Pure Mathematics Seminars Abstracts 1998
Ilijas Farah
September 16th 1998
In his 1959 book of problems, S.Ulam has suggested study of the "stability" of mathematical objects in a rather broad sense. In particular, he asked for which compact metric groups the "approximate automorphisms" are near to strict automorphisms. I will give some answers to this, and discuss the related questions. In particular, I will relate "instability" with the existence of pathological submeasures.
Mirna Dzamonja
October 12th 1998
The notion of universality appears in various branches of mathematics, and is a very natural one. Studying this notion from the abstract point of view, inside of model theory, we arrive to the problem of classifying first order theories according to how well they admit the existence of a universal model.
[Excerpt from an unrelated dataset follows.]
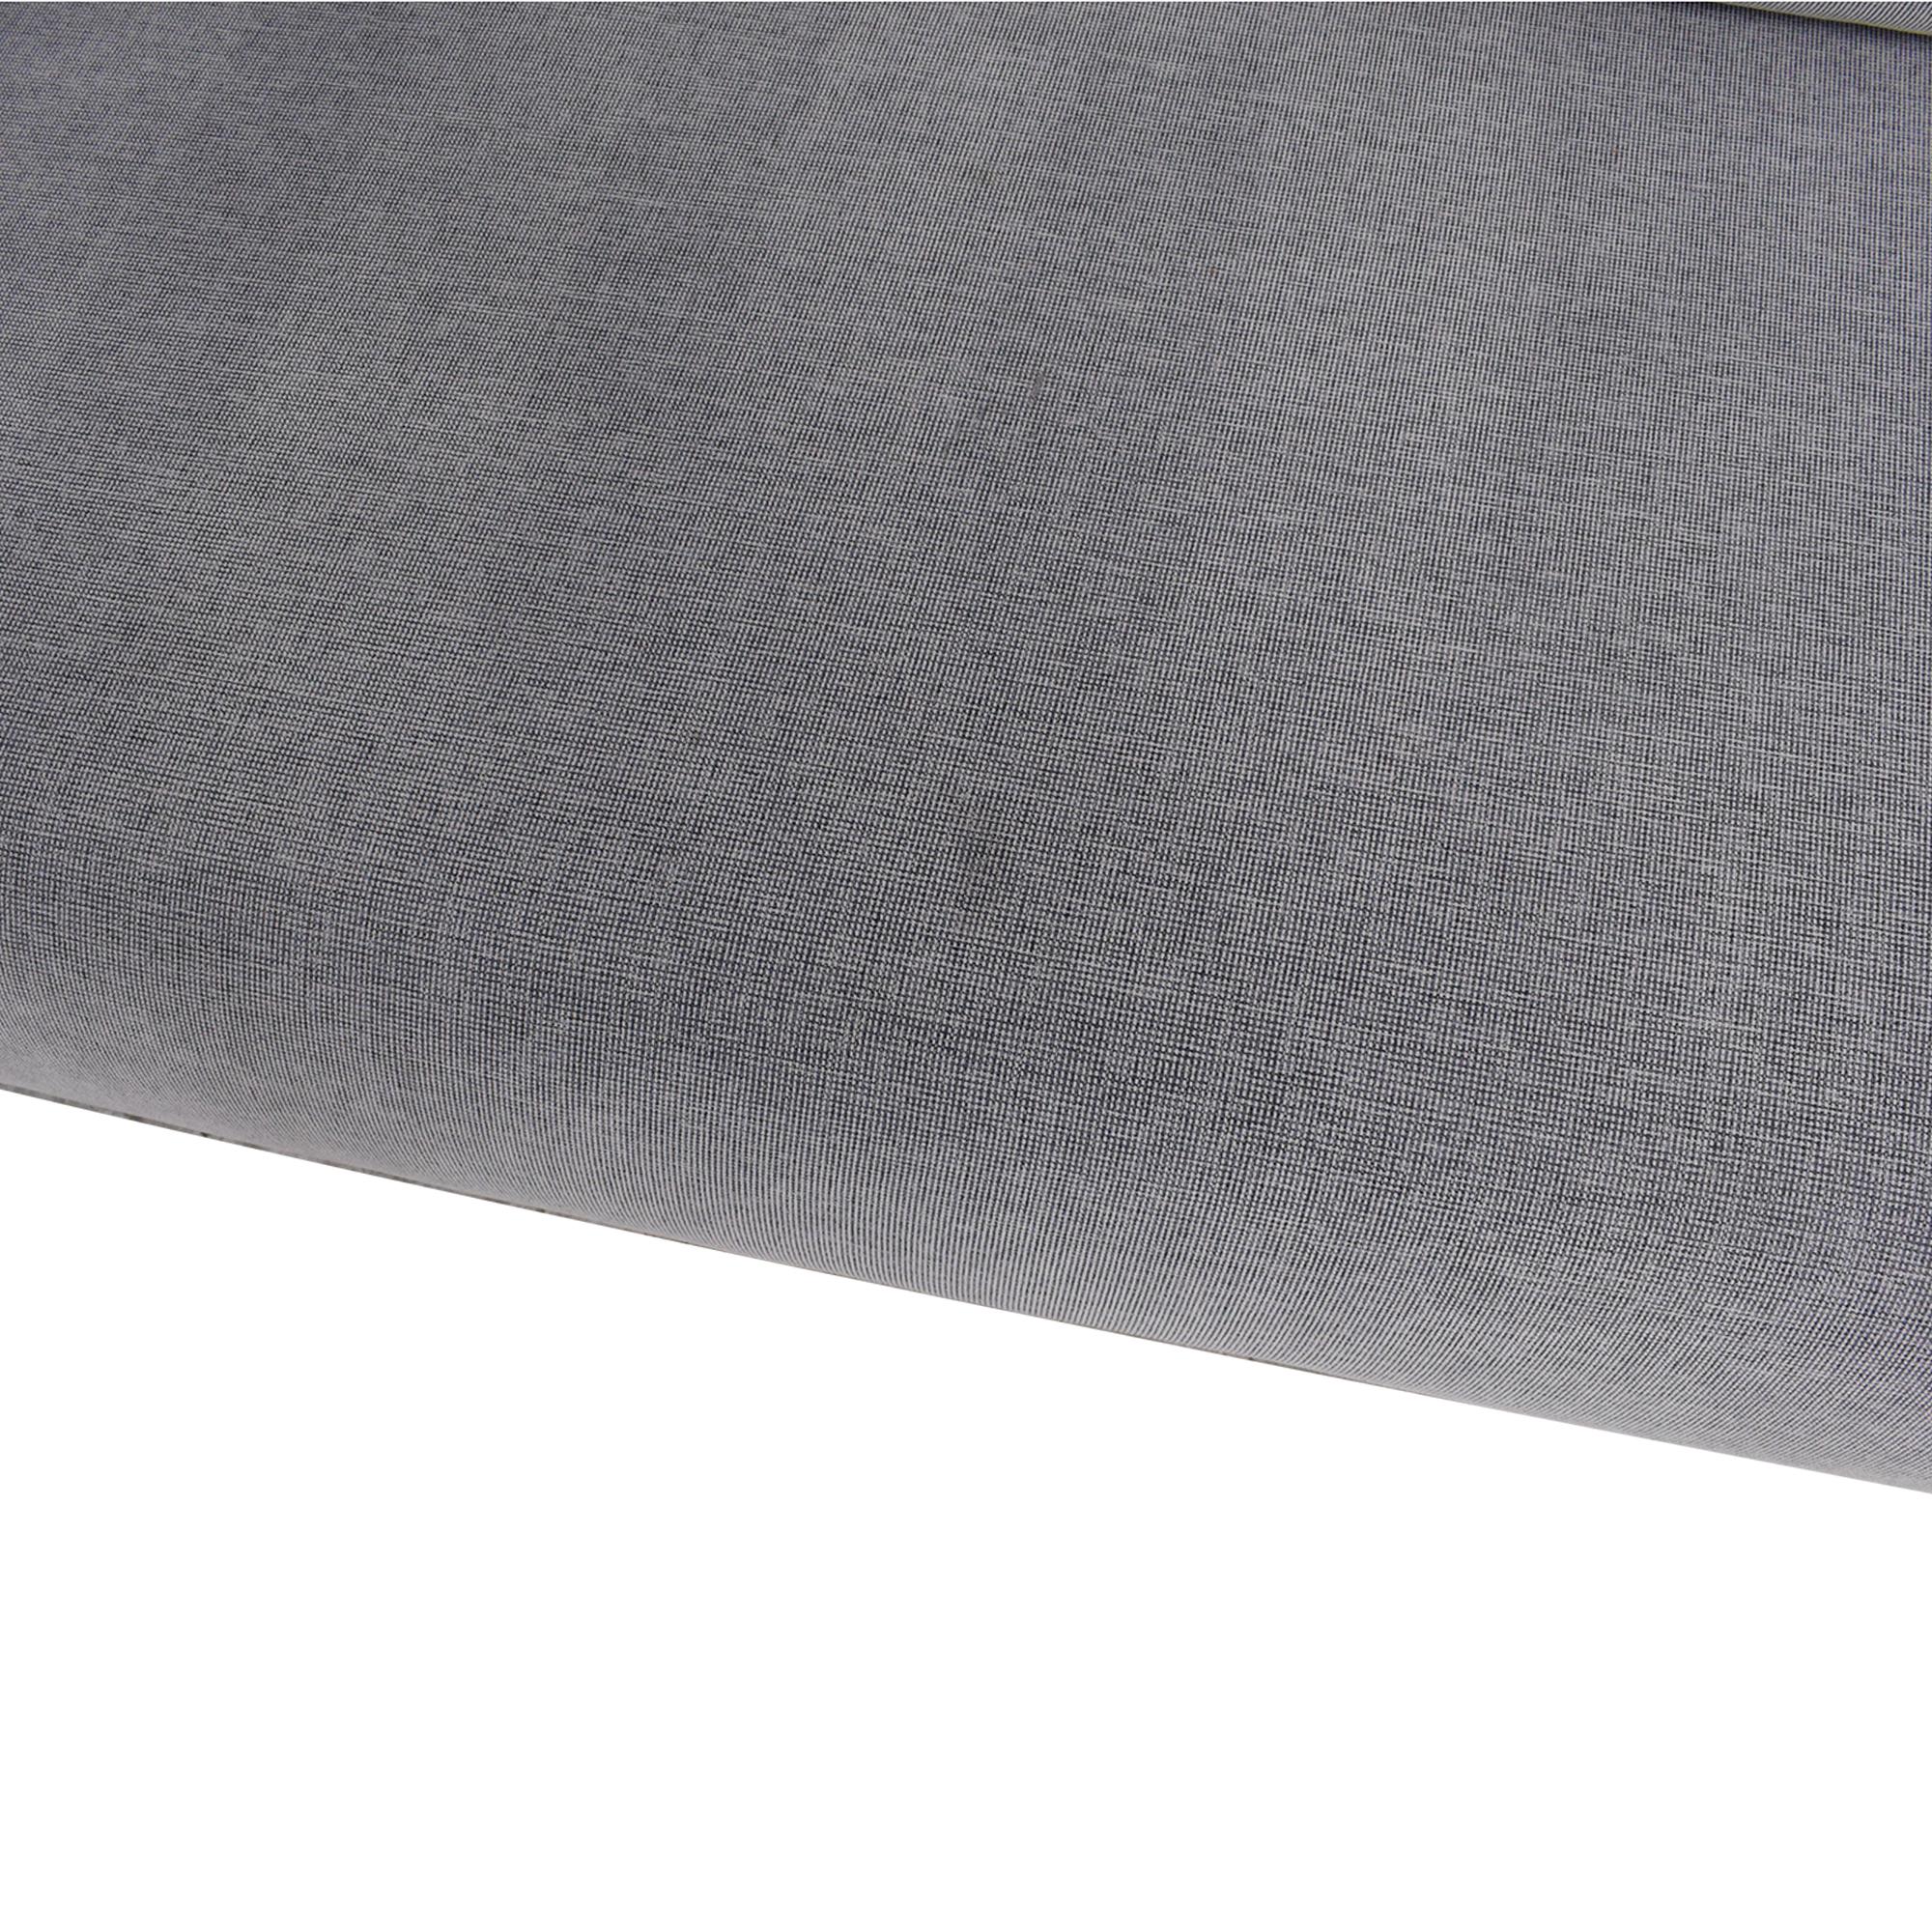 CB2 Tandom Microgrid Sleeper Sofa CB2

By some classical results in model theory, the question does not make much sense in the presence of GCH (a set theoretic axiom claiming that the cardinal arithmetic is as simple as it can be), so one is forced to work with independence results. After explaining the general methods, we shall see how all this can be applied to a problem from functional analysis, namely that of the existence of a universal uniform Eberlein compactum.
Peter Collins
November 2nd 1998
The talk will concern a central problem in topology and will be partly historical. Some theorems encompassing much of what has gone before will be presented and some hard unsolved problems discussed. The talk is designed to be accessible to the non-specialist mathematician.
Stephen Power
November 6th 1998
Inclusions of complex matrix algebras (Mn → Mm) are determined up to similarity by one statistic - multiplicity. It follows that locally matricial algebras are determined up to isomorphism by the generalised integer coming from the multiplicities of a subalgebra chain. This data (which is essentially K0 data) is only a partial invariant for locally finite algebras and it is of interest to determine additional classifying invariants, which of course have their origins in finite dimensional inclusions. I shall talk about the general problem area, which is motivated in part by the analysis of approximately finite operator algebras, and I shall focus in particular on certain sparse matrix algebras, and the classification of their inclusions.
Dan Segal
December 7th 1998
I'll try to explain what profinite groups are and why one wants to know about their closed subgroups. I'll talk about recent progress on an old problem about subgroups of finite index in finitely generated profinite groups: are they open?
Vladimir Bavula
December 14th 1998
Let K be an algebraically closed field of characteristic zero. Let Λ be the ring of (K-linear) differential operators with coefficients from a regular commutative Noetherian affine domain of Krull dimension 2 which is the tensor product of two regular commutative Noetherian affine domains of Krull dimension 1. A typical example is the second Weyl algebra A2 ≅ K[X1, X2, ∂/∂X1, ∂/∂X2]. The Gelfand-Kirillov dimension of a simple Λ-module is either 2 or 3. In the first case such a Λ-module is called holonomic.
The aim of the talk is to give a description (a classification) of simple holonomic Λ-modules. Basic results on differential operators, Gelfand-Kirillov dimension and localizations will be explained (recalled). As a consequence a classification of simple modules over the ring of differential operators with coefficients from a regular commutative Noetherian affine domain of Krull dimension 1 will be given.